Данн сделал первый шаг по тропе, ведущей наверх, и тут же услышал первый всплеск весел.
Ему казалось, что его тело разом пропиталось серым гнилым воздухом болот, налилось холодной тяжестью… Что-то гнетет его, признал Данн наконец. Он снова обернулся. Дёрк уже не греб. Он стоял с веслами в руках, все еще у самого берега, и не сводил глаз с Данна. «Мы столько времени провели рядом, он бросил из-за меня свой остров и потерял девушку. Он мой друг», – думал Данн.
– Дёрк, обязательно приходи в Центр! Я буду ждать тебя! – крикнул он.

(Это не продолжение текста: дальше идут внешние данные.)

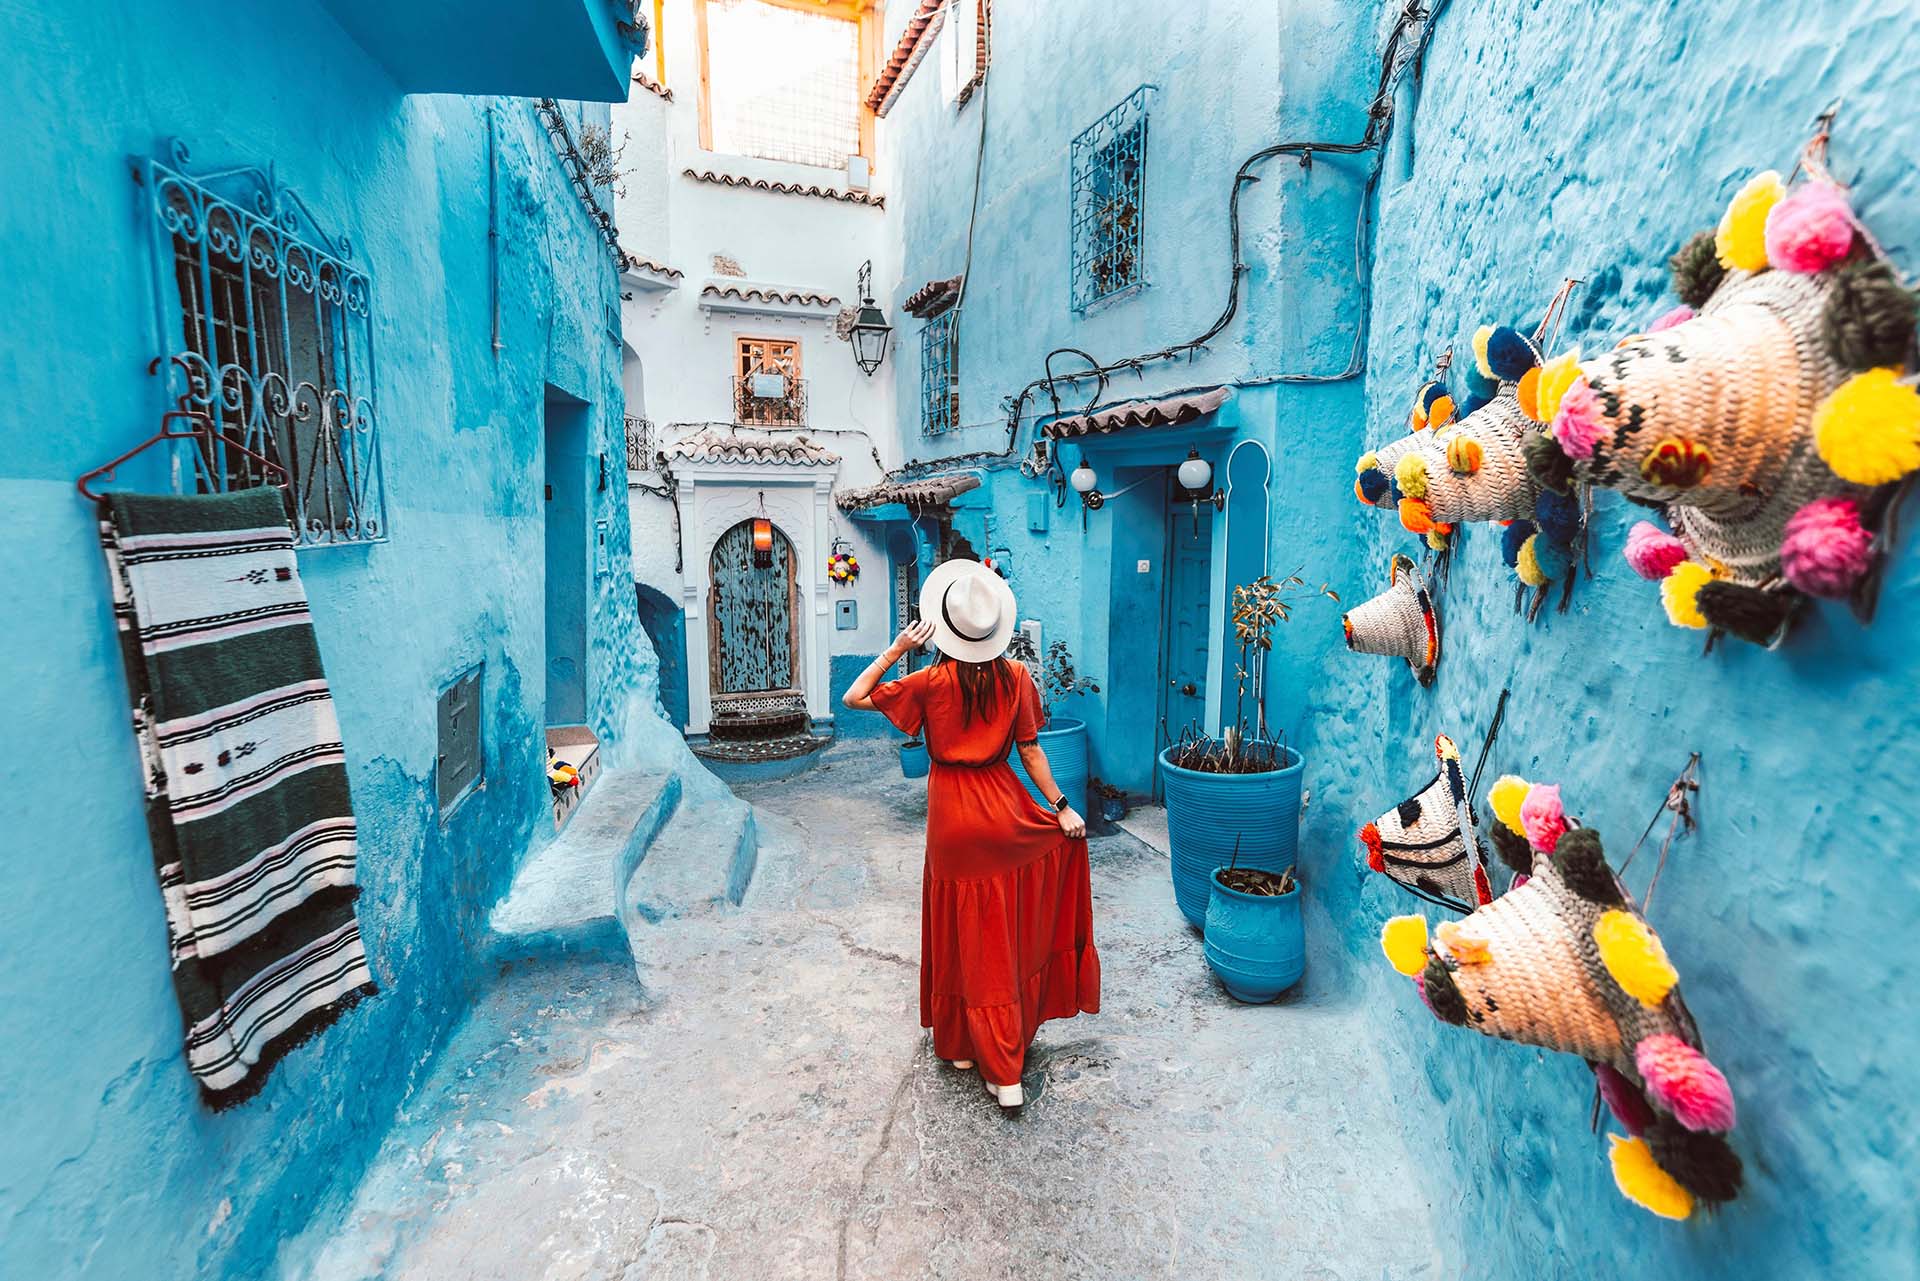 A woman in a vibrant red dress strolls through the picturesque streets of Chefchaouen - Wonders of Morocco - Sisterhood Travels

Дёрк сел на скамью спиной к Данну и с силой заработал веслами, навсегда исчезая из жизни Данна.
Данн смотрел ему вслед, надеясь, что Дёрк хотя бы один раз обернется. Но так и не дождался.
Он двинулся вверх, погружаясь в туман. Его одежда тут же промокла. И лицо… тоже стало влажным… Но не по любящей и любимой Марианте лил он слезы, а если и по ней, то сам того не знал.

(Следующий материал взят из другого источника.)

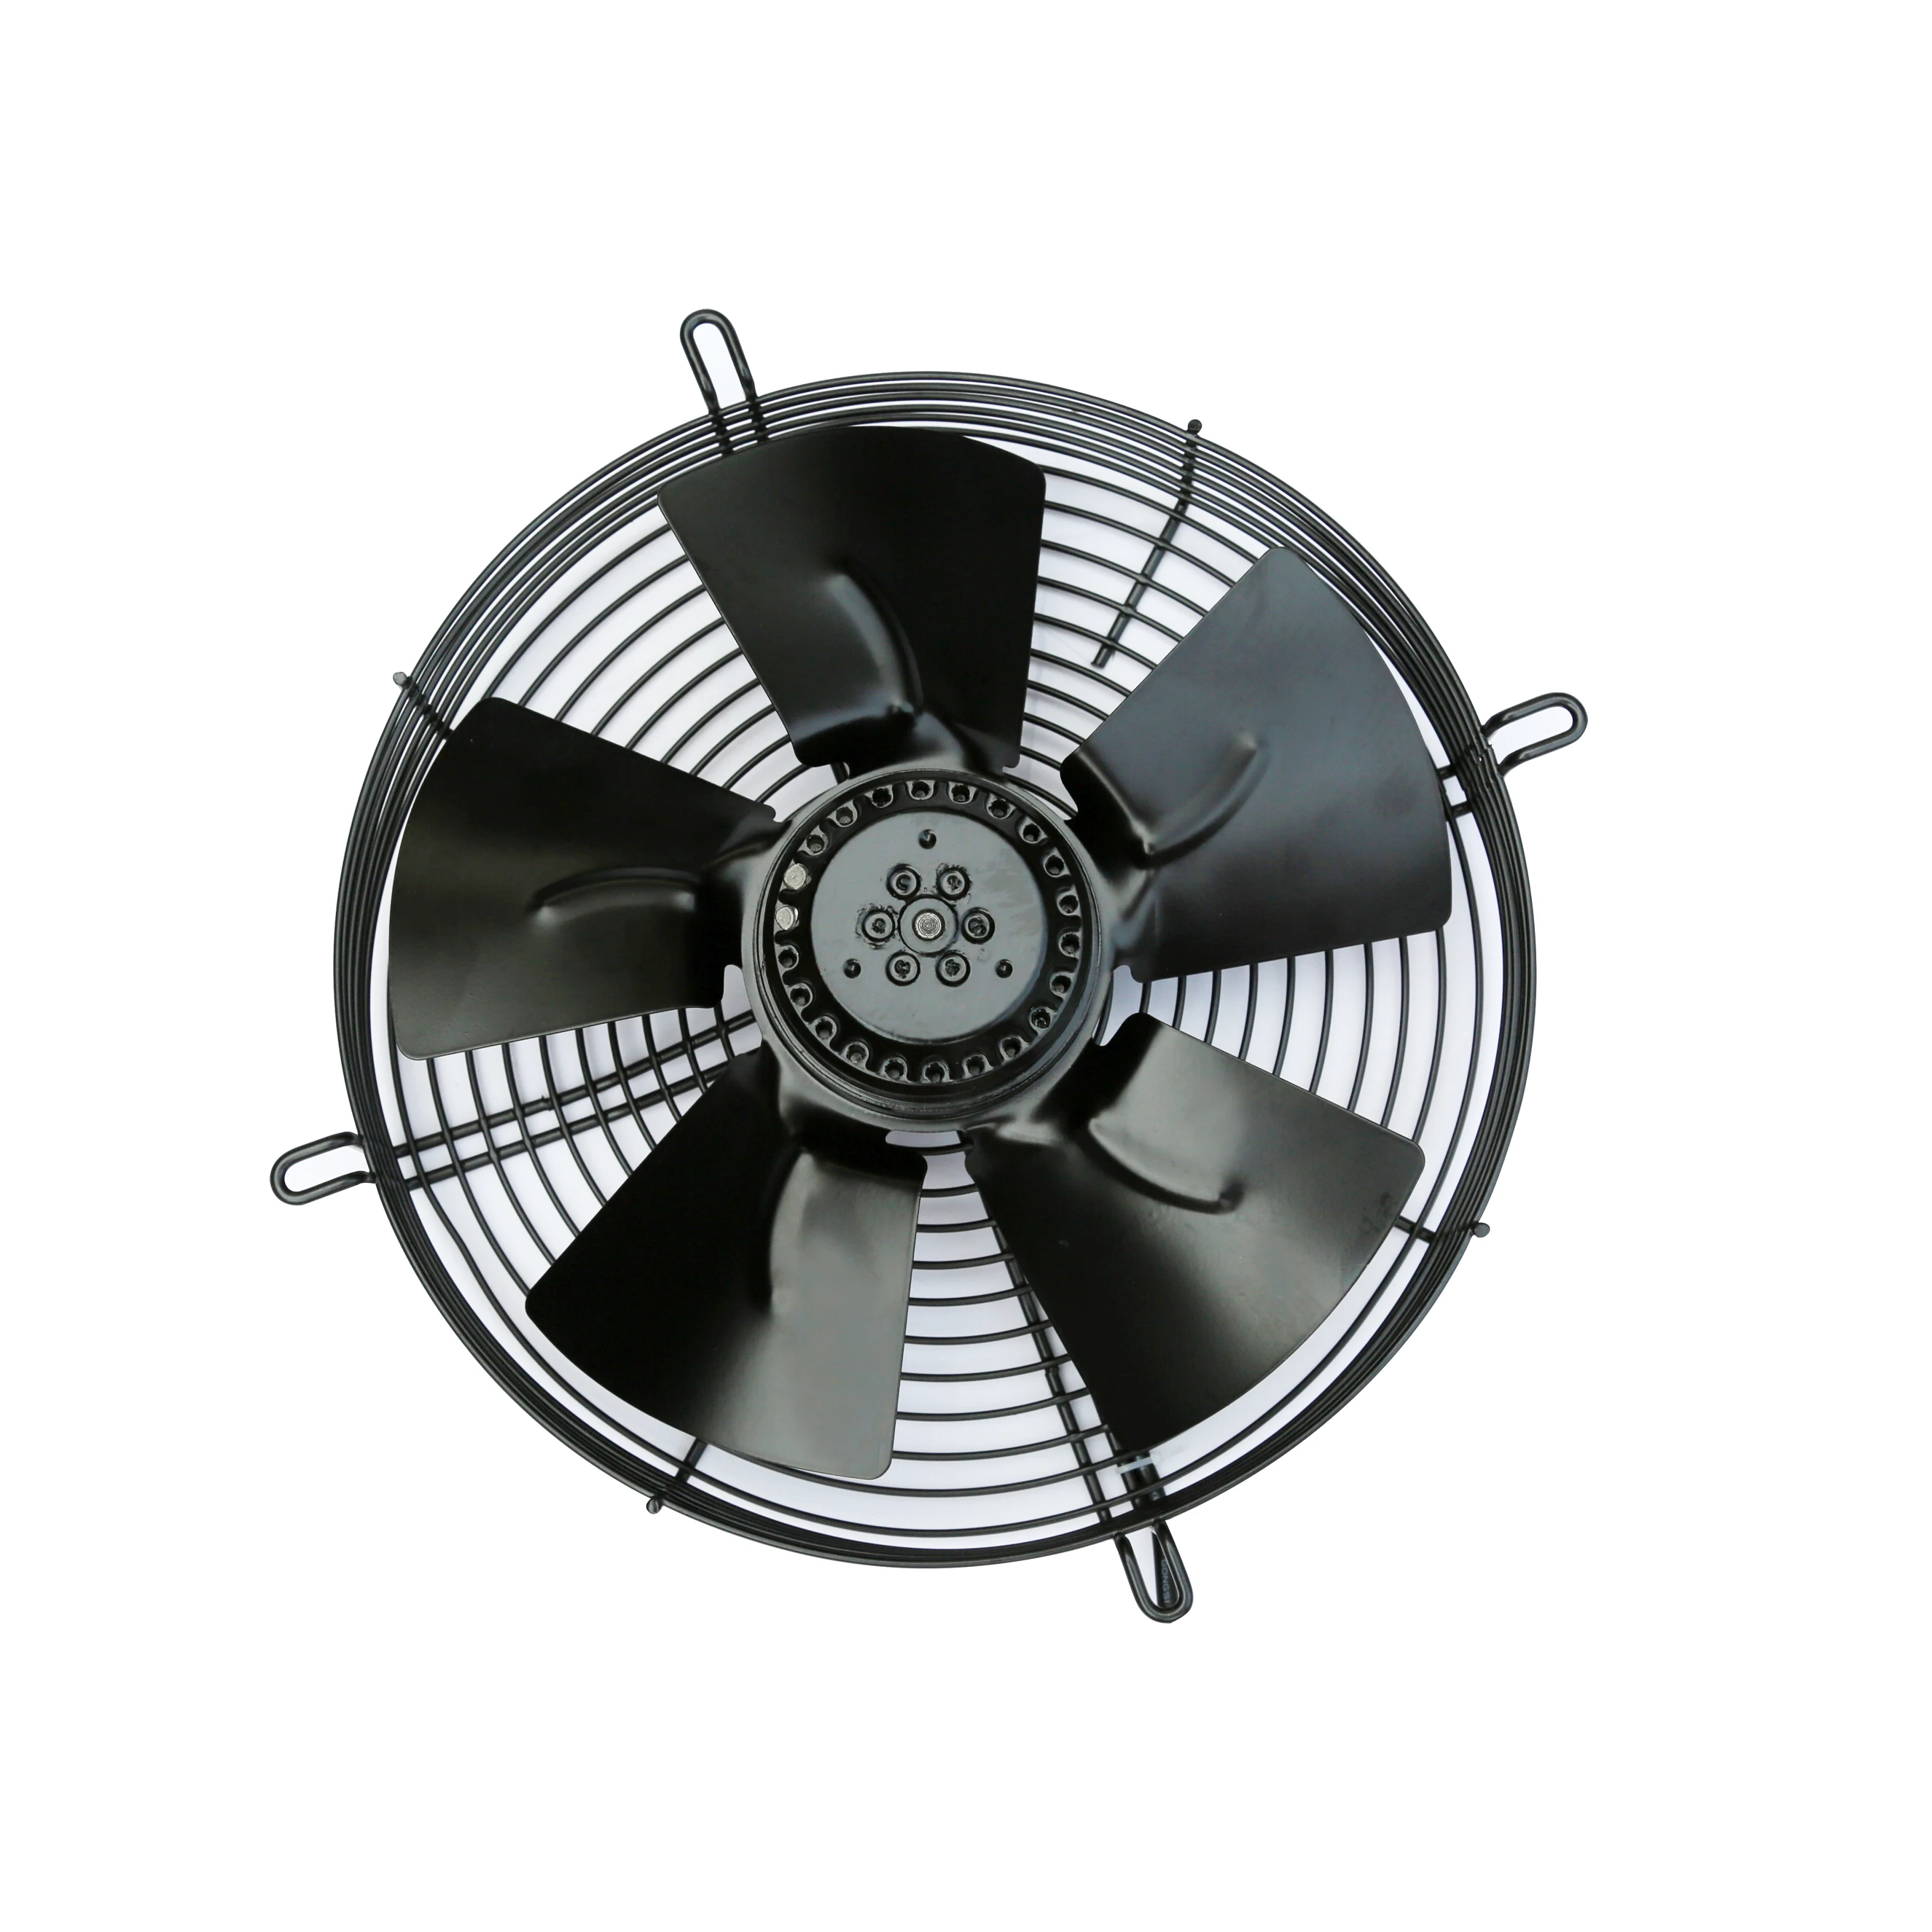 SUCTION 4Pole with juction box 350mm Ref &Air-Con AXIAL FAN 380V 3phase

Карабкаясь по камням, Данн думал: «Ведь я всегда так делаю. Какая польза в том, чтобы оглядываться назад и горевать о прошлом? Если нужно уйти откуда-то… уйти от кого-то… тогда ты просто уходишь. И всю свою жизнь я именно так и поступал».
Целый день ушел у него на то, чтобы добраться доверху. И там он сразу услышал голоса, говорящие на неизвестном ему языке. Данн притаился за камнем, весь промокший, в неудобной позе. «Я сошел с ума, я поистине сошел с ума, раз по собственной воле покинул острова», – думал он. Там, на солнечных островах, витали благоуханные запахи, ласкал кожу морской бриз. Это было самое приветливое и самое красивое место из всех, где побывал Данн.
После мягкой постели Марианты ночевка на холодных камнях показалась мучением. Он проснулся рано, надеясь выйти на тропу до того, как ее заполнят беженцы. Но обнаружил, что ручеек несчастных измученных людей уже возобновил свое течение. Данн скользнул в него и тут же стал одним из них. Так будет лучше, чтобы окружающие не изучали с подозрением его тяжелый мешок. Кто они, эти беженцы? Они отличались от тех людей, которых видел здесь Данн три года назад. Еще одна война? Где? На каком языке они говорят? Или на нескольких языках?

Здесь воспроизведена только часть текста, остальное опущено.